For this exercise, an exact copy is needed of only the lines from the one containing "Tanpa Lawan, Piter" through the end of the data, with pictures left out.

▶ _Recorded information_
┄┄┄┄┄┄

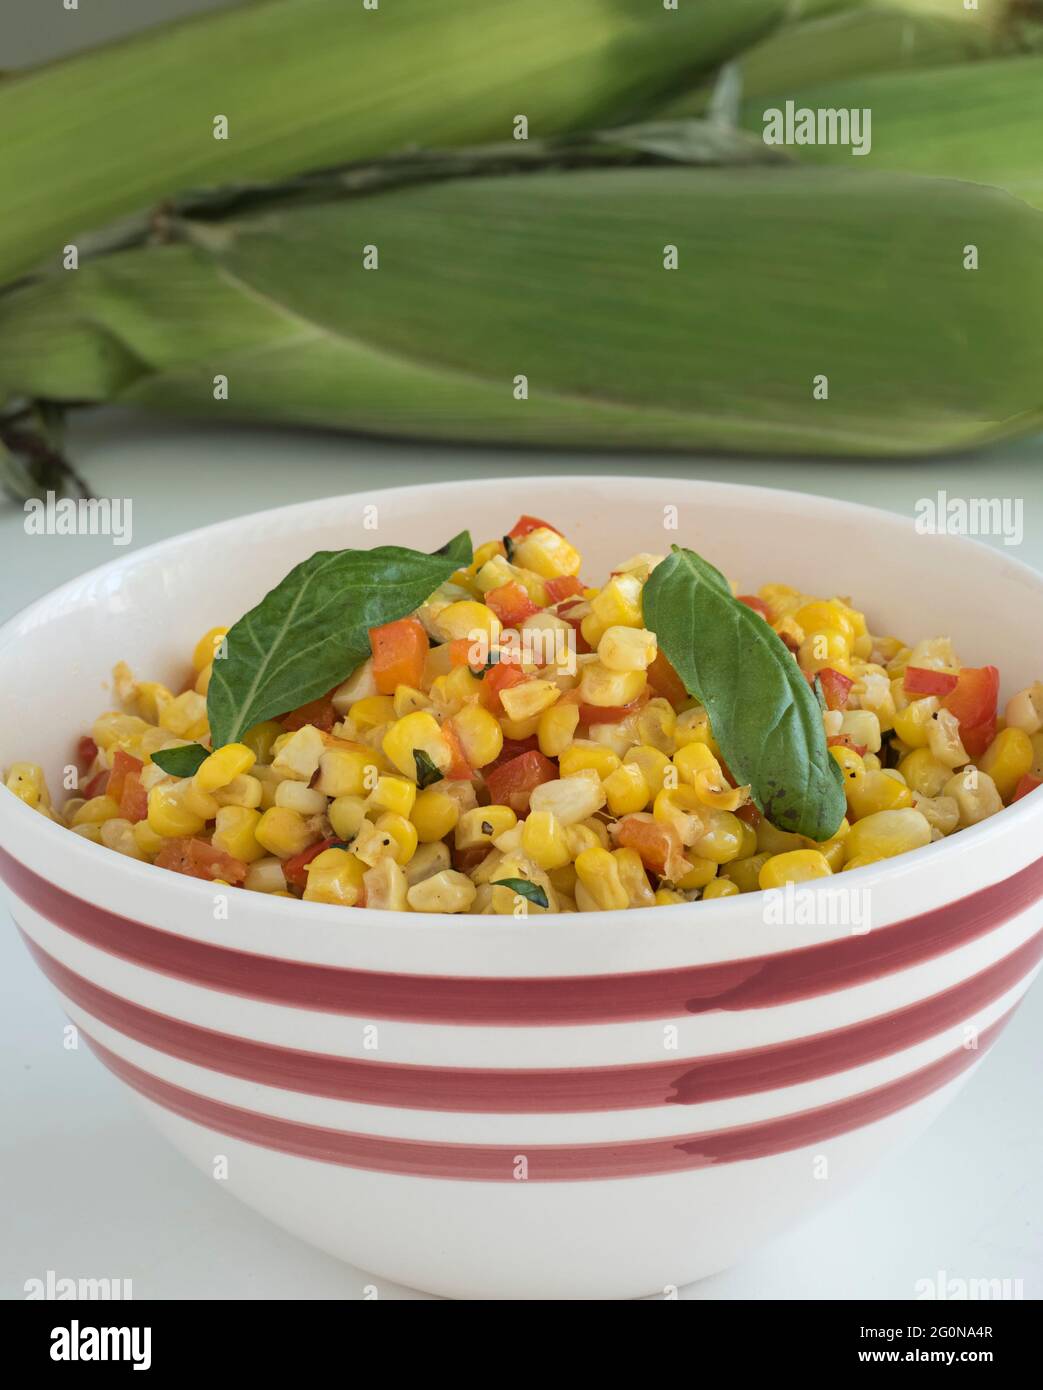 Un bol de service à rayures rouges et blanches rempli d'une casserole de maïs et de poivre rouge se trouve sur une table devant une pile de maïs frais non décortiqué Banque D'Images
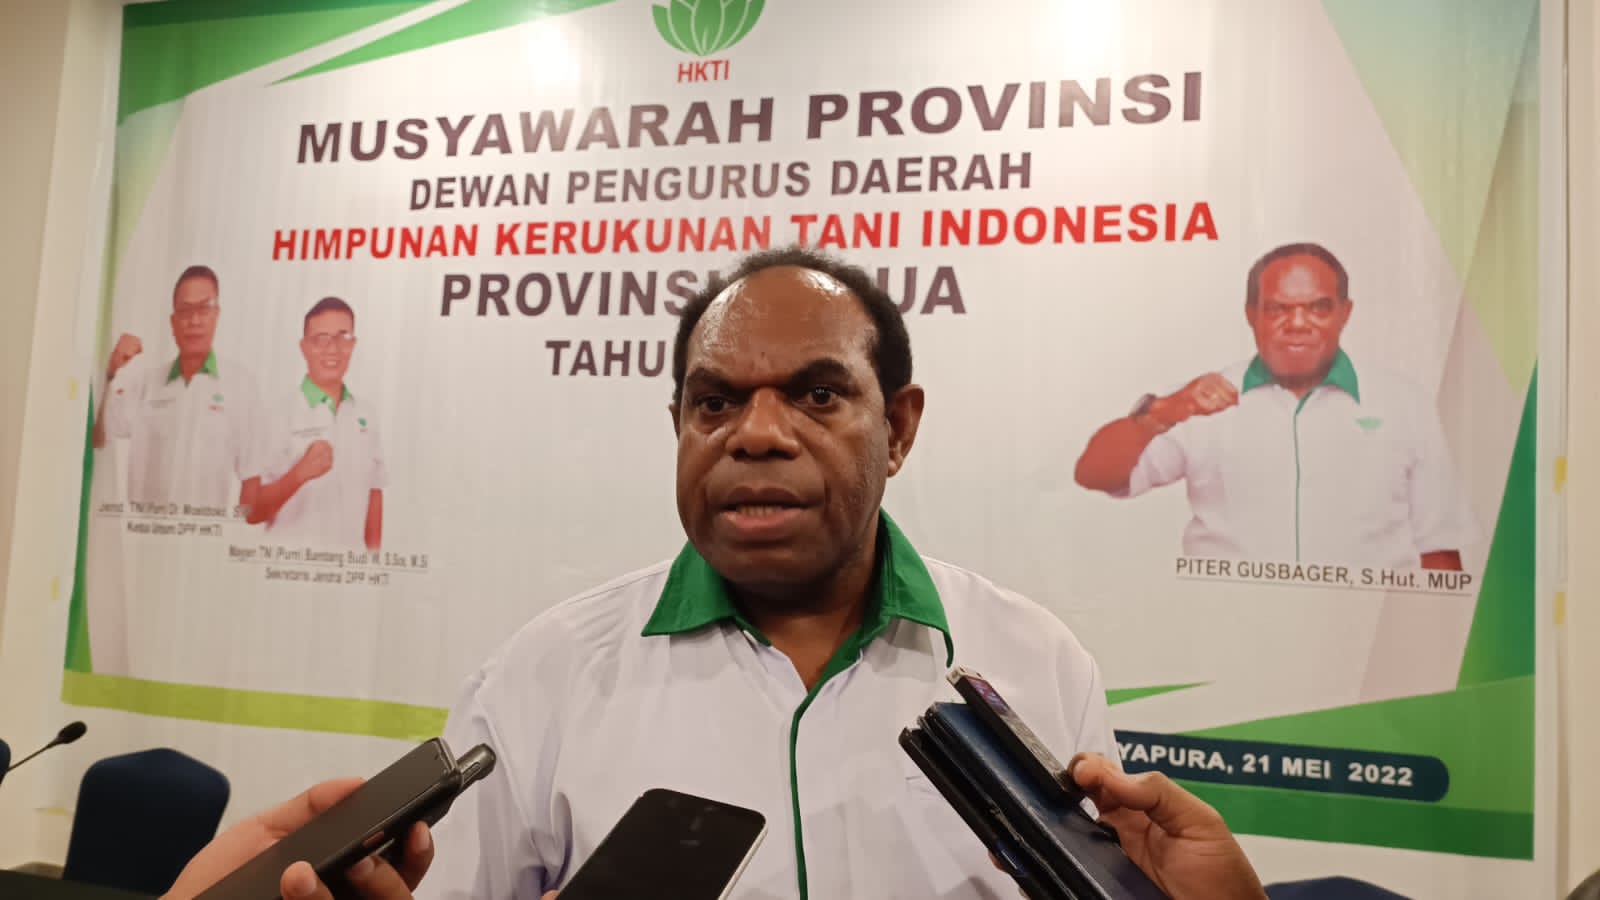 Tanpa Lawan, Piter Gusbager Resmi Pimpinan HKTI Provinsi Papua
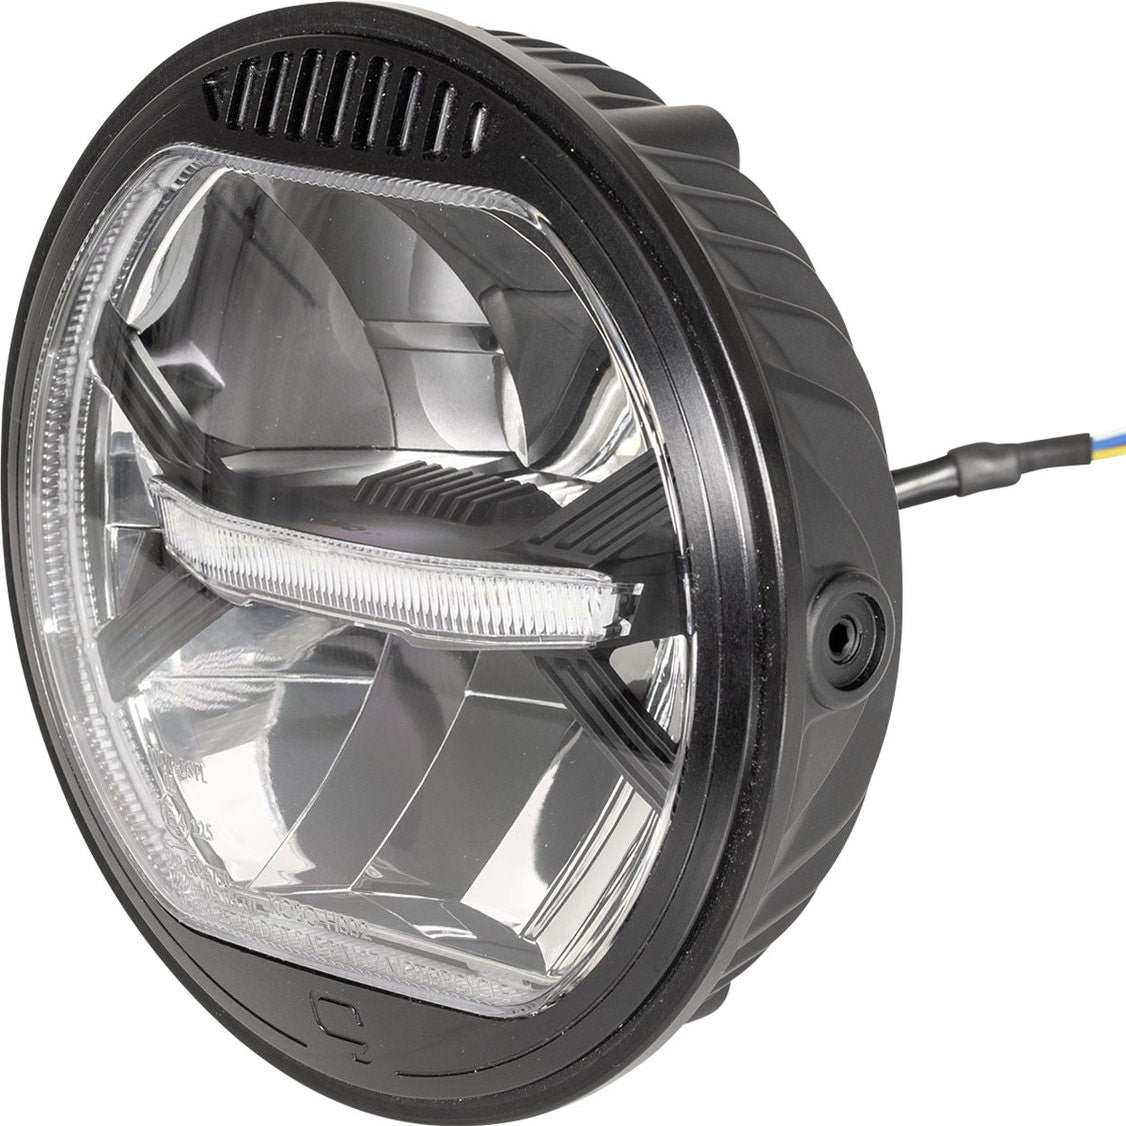 Koso Thunderbolt LED Headlight
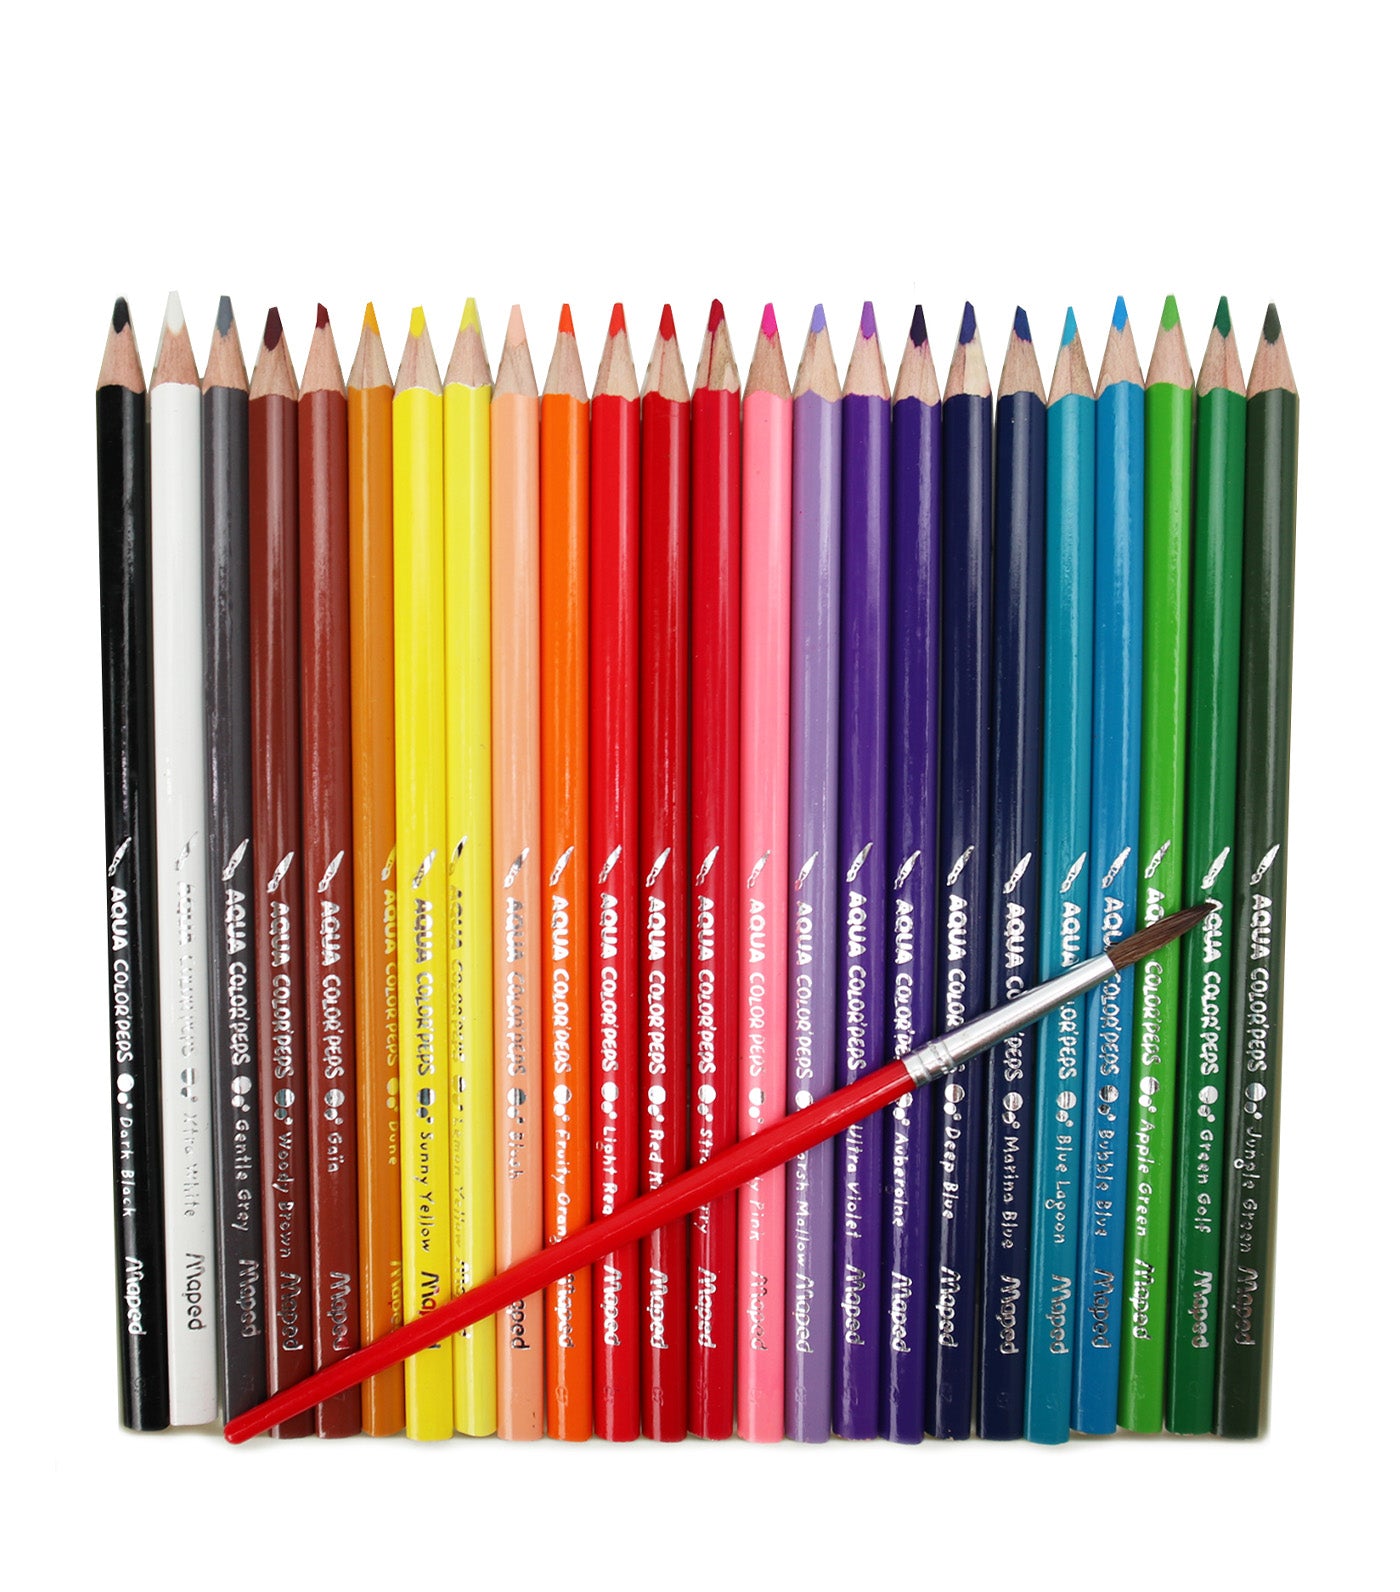 Color'Peps Aqua Colored Pencils x 24

┄┄┄┄┄┄

▶ _Output below_
 Tanpa Lawan, Piter Gusbager Resmi Pimpinan HKTI Provinsi Papua
 Koso Thunderbolt LED Headlight
 Color'Peps Aqua Colored Pencils x 24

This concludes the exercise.